Assigned task >> The required output is the exact run of lines below that opens at the line with "22 Ekim 2014 gazete manşetleri 11" and closes at the line with "Hartmann Euromesh 3-GS:ML".

Stored data >>
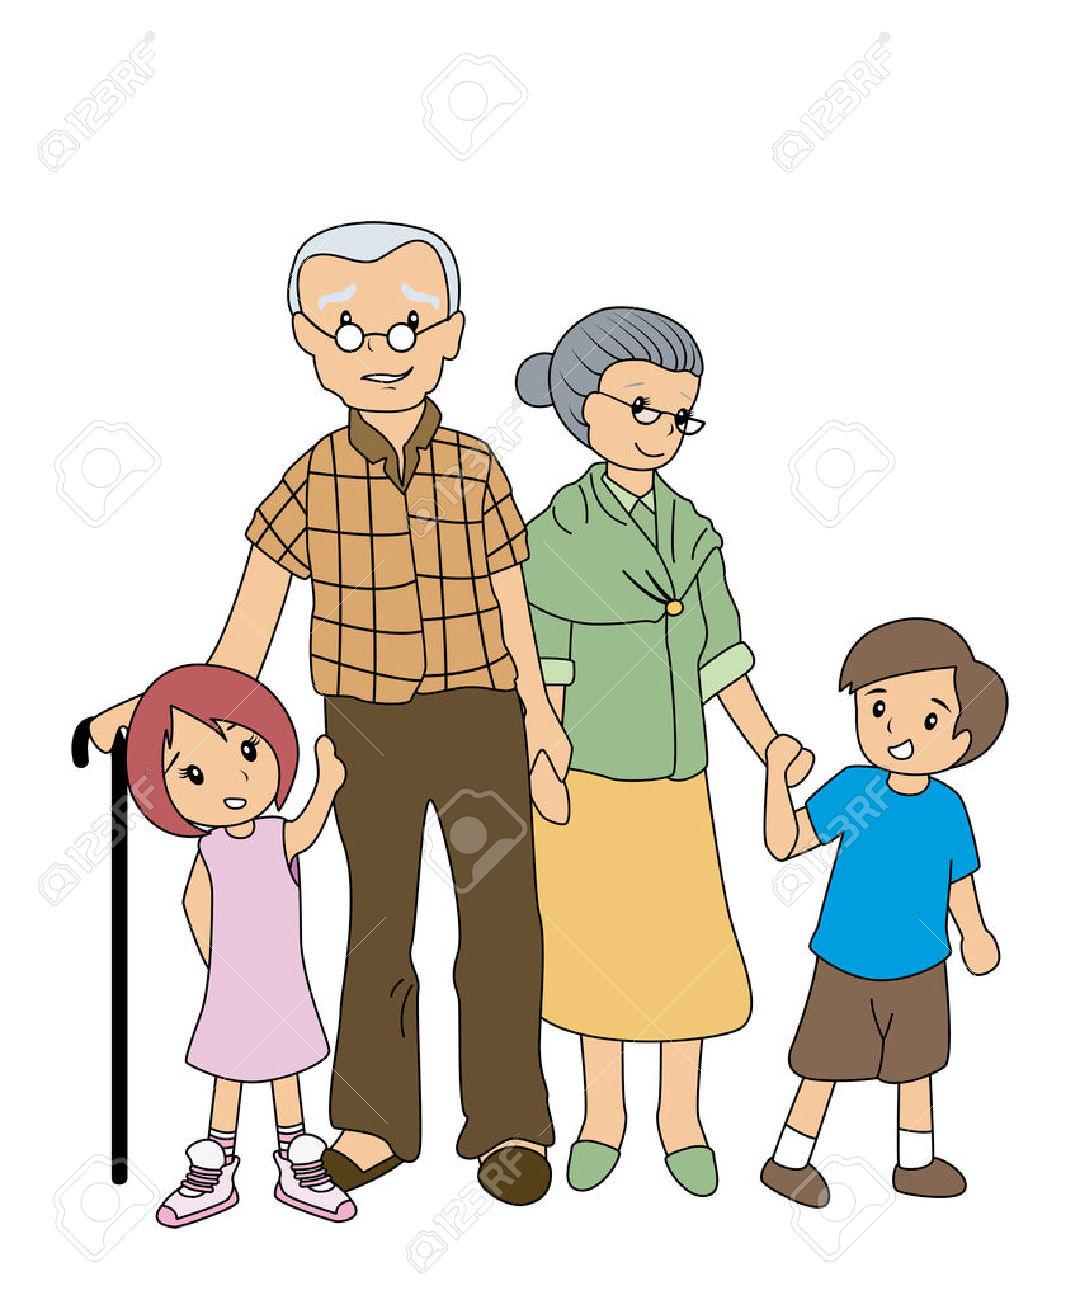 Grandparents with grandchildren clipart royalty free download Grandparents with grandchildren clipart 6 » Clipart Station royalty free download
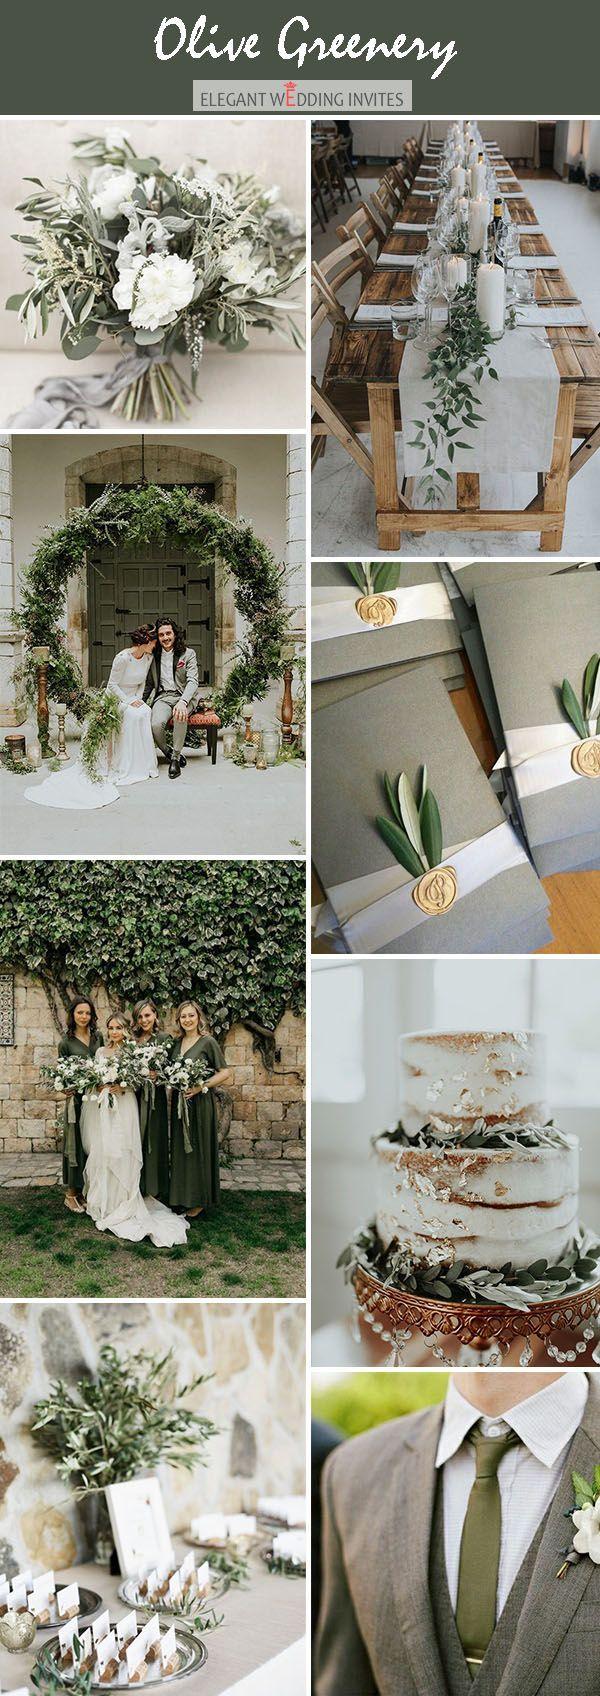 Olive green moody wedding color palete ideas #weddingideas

--

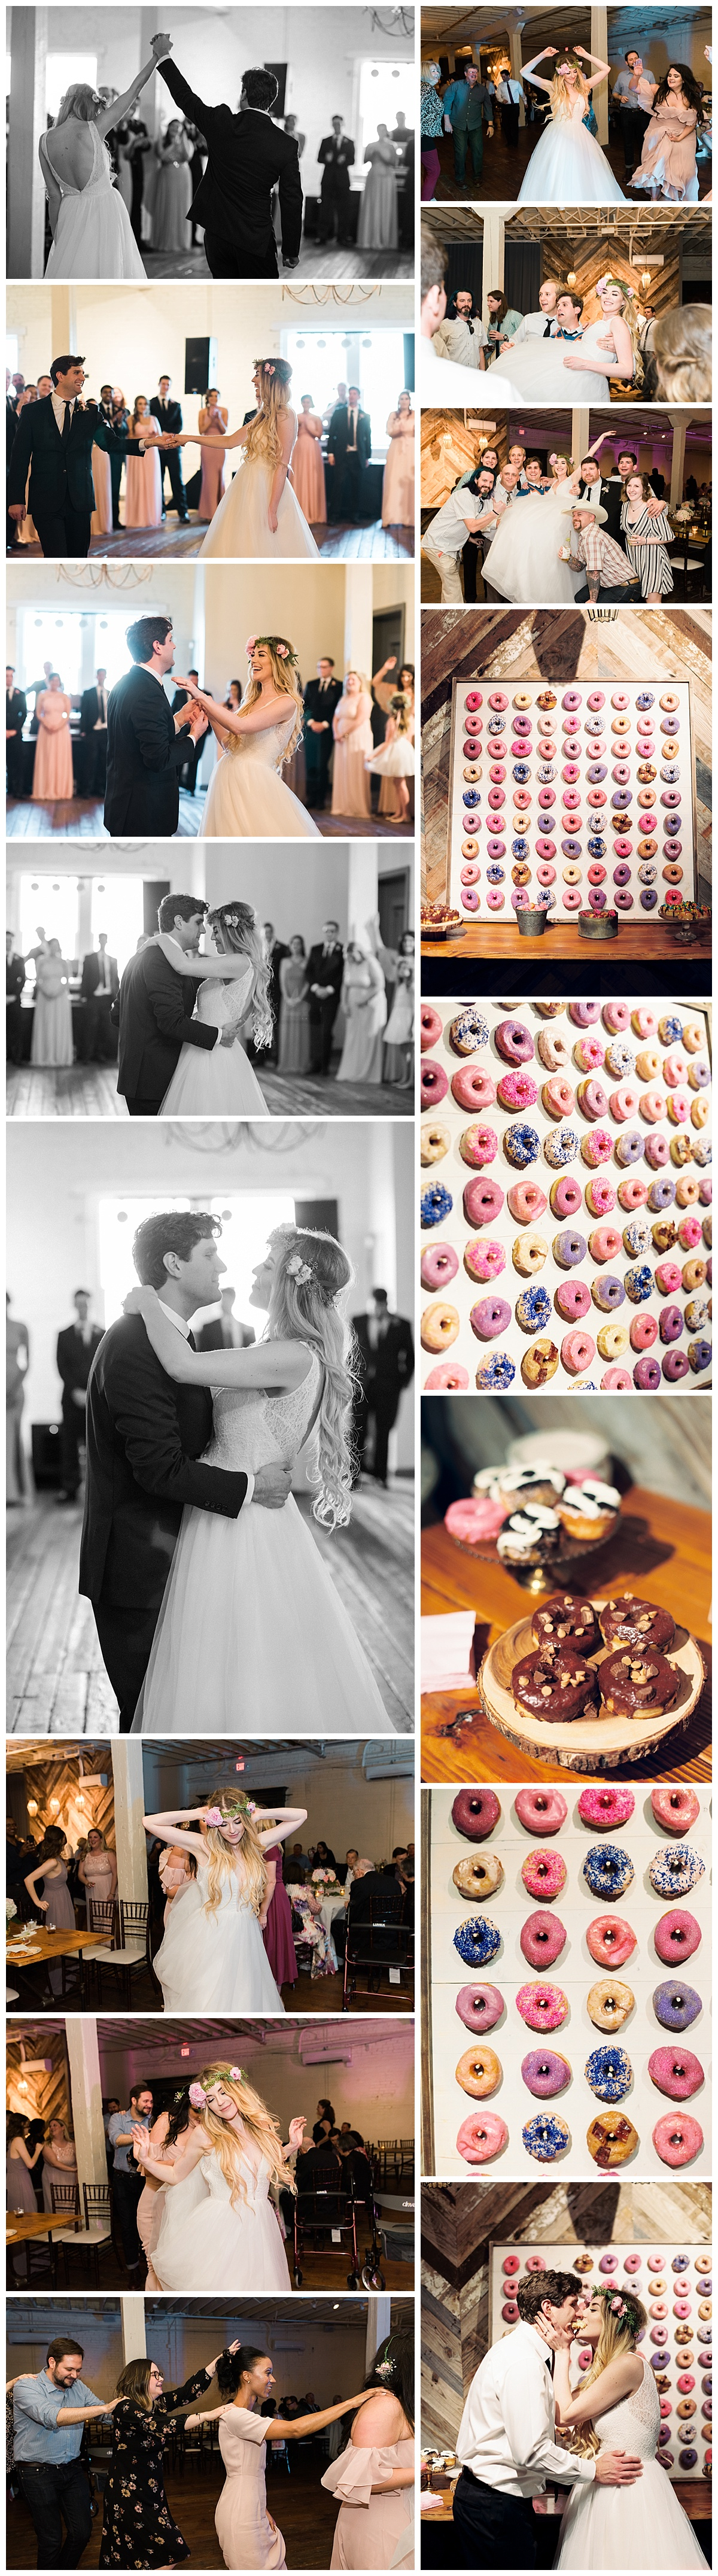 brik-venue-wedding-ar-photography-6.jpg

---

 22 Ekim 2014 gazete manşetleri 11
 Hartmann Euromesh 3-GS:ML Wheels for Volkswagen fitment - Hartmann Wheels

Your solution >>
 22 Ekim 2014 gazete manşetleri 11
 Hartmann Euromesh 3-GS:ML Wheels for Volkswagen fitment - Hartmann Wheels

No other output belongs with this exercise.